I guess I am an oddball. I LOVE Poplar. I make all kinds of projects from it. The more color variation in it the better. I made our kitchen cabinets out of it and they get all kinds of compliments. I go to the big box store specifically looking for the poplar that has dark brown, green and even red coloring. As far as I am concerned, it doesn't get any better!
US made pallets use domestic woods. And so do the pallets from other countries. Except they use THEIR domestic woods. If there is a shop/store in your area that imports merchandise from overseas, ask the manager if you can get some of the shipping pallets their imports come on.
@@RexKrueger Oh, I'm not so sure about that... Pallet wood ruined a brand new set of knives on my jointer. I planed one of the pallet's stringers down - most assuredly a thing of heavy, hard exotic beauty from a distant land - only to discover when truing up a clean soft piece of spruce a week later that a 2-inch-wide streak of roughness was longtitudunally polluting the purity of the freshly milled softwood. I kicked myself because only 2 weeks prior, I had watched Colin Kenecht's vid on avoiding pallet wood. The unseen crap and corruption invisibly pressed into the wood's surface turned out to be devastating to the jointer's knives. I'd even gone to the trouble of scanning it with a metal detector beforehand! Once burnt, twice shy. No more pallet wood for this cat.
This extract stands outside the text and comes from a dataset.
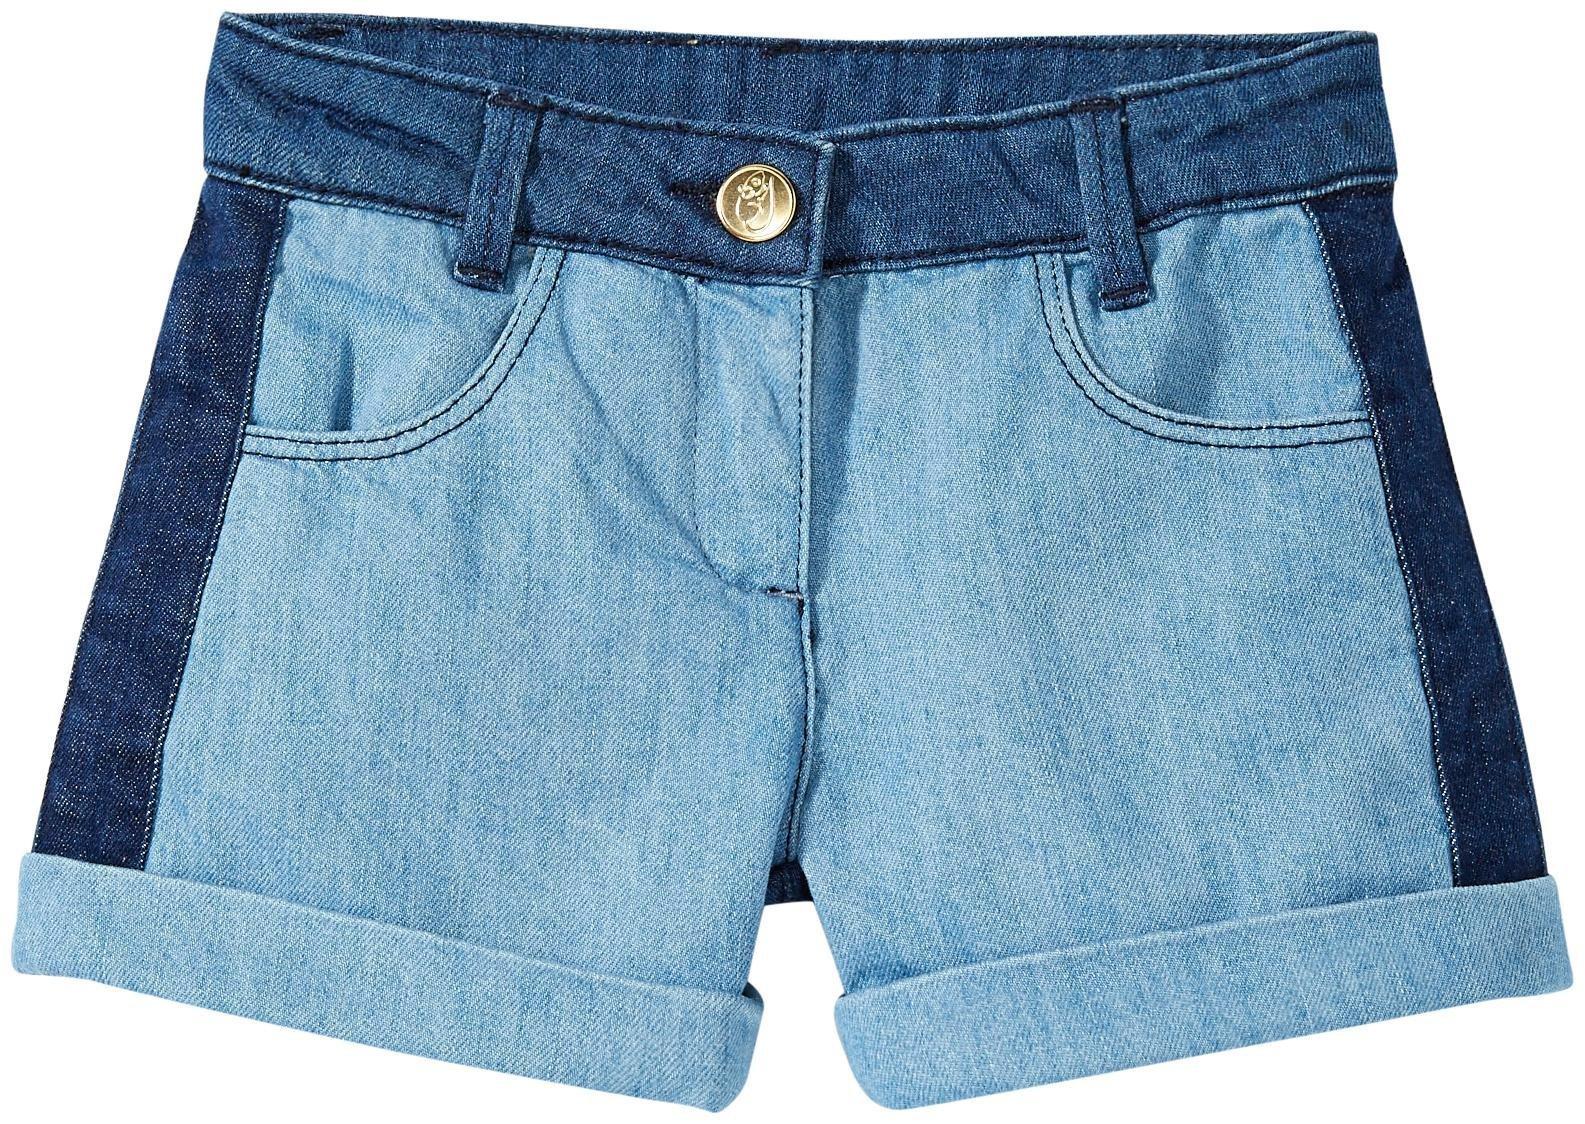 Little Marc Jacobs Denim Shorts, Blue, 2A by Little Marc Jacobs (Image #1)
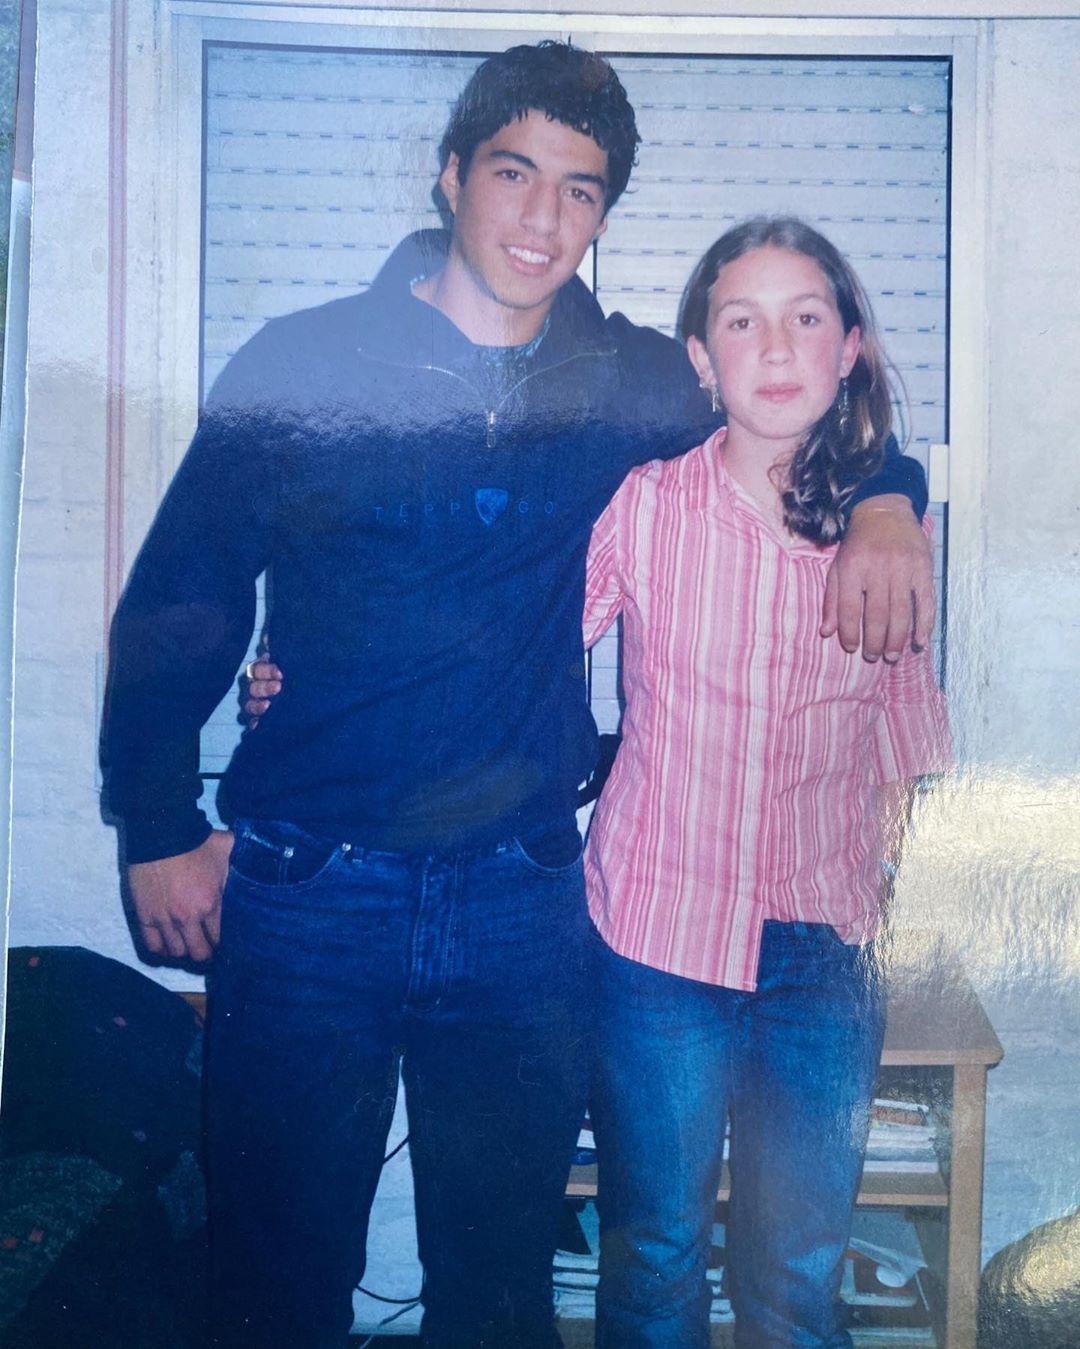 سواريز وزوجته في مرحلة الشباب

@@honey5bucket another thing on international shipping, the pallets are required to be kiln dried, Domestic pallets with a flame stamp marking in the US indicate they have been through a kiln. This is to ensure there are no live bugs or surviving eggs in the wood. Any sort of supply house is worth the trip to ask about their pallets. I've gotten stacks of oak 3x4 rough cut lumber that was used to ship commercial refrigeration units.
Very informative video! I've never paid much attention to the whole "ring porous" thing, but it makes a lot of sense when you explain it like that. Also: for woodturners, lots of the ornamental trees (like dogwood and Bradford pear) are great for turning. Best thing is, after a storm you can often get the wood for the cost of cutting it up and hauling it off. Just drive around and look for a downed tree in someone's yard - I have yet to have anyone turn me down when I offer to haul it away. Just cut it up in sections that would work well on the lathe, pile it in your pickup, then slap some latex paint on the endgrain and let it sit for a couple years. Perfect turning wood for the cost of an afternoon's work, a couple bucks worth of chainsaw gas, and some leftover paint!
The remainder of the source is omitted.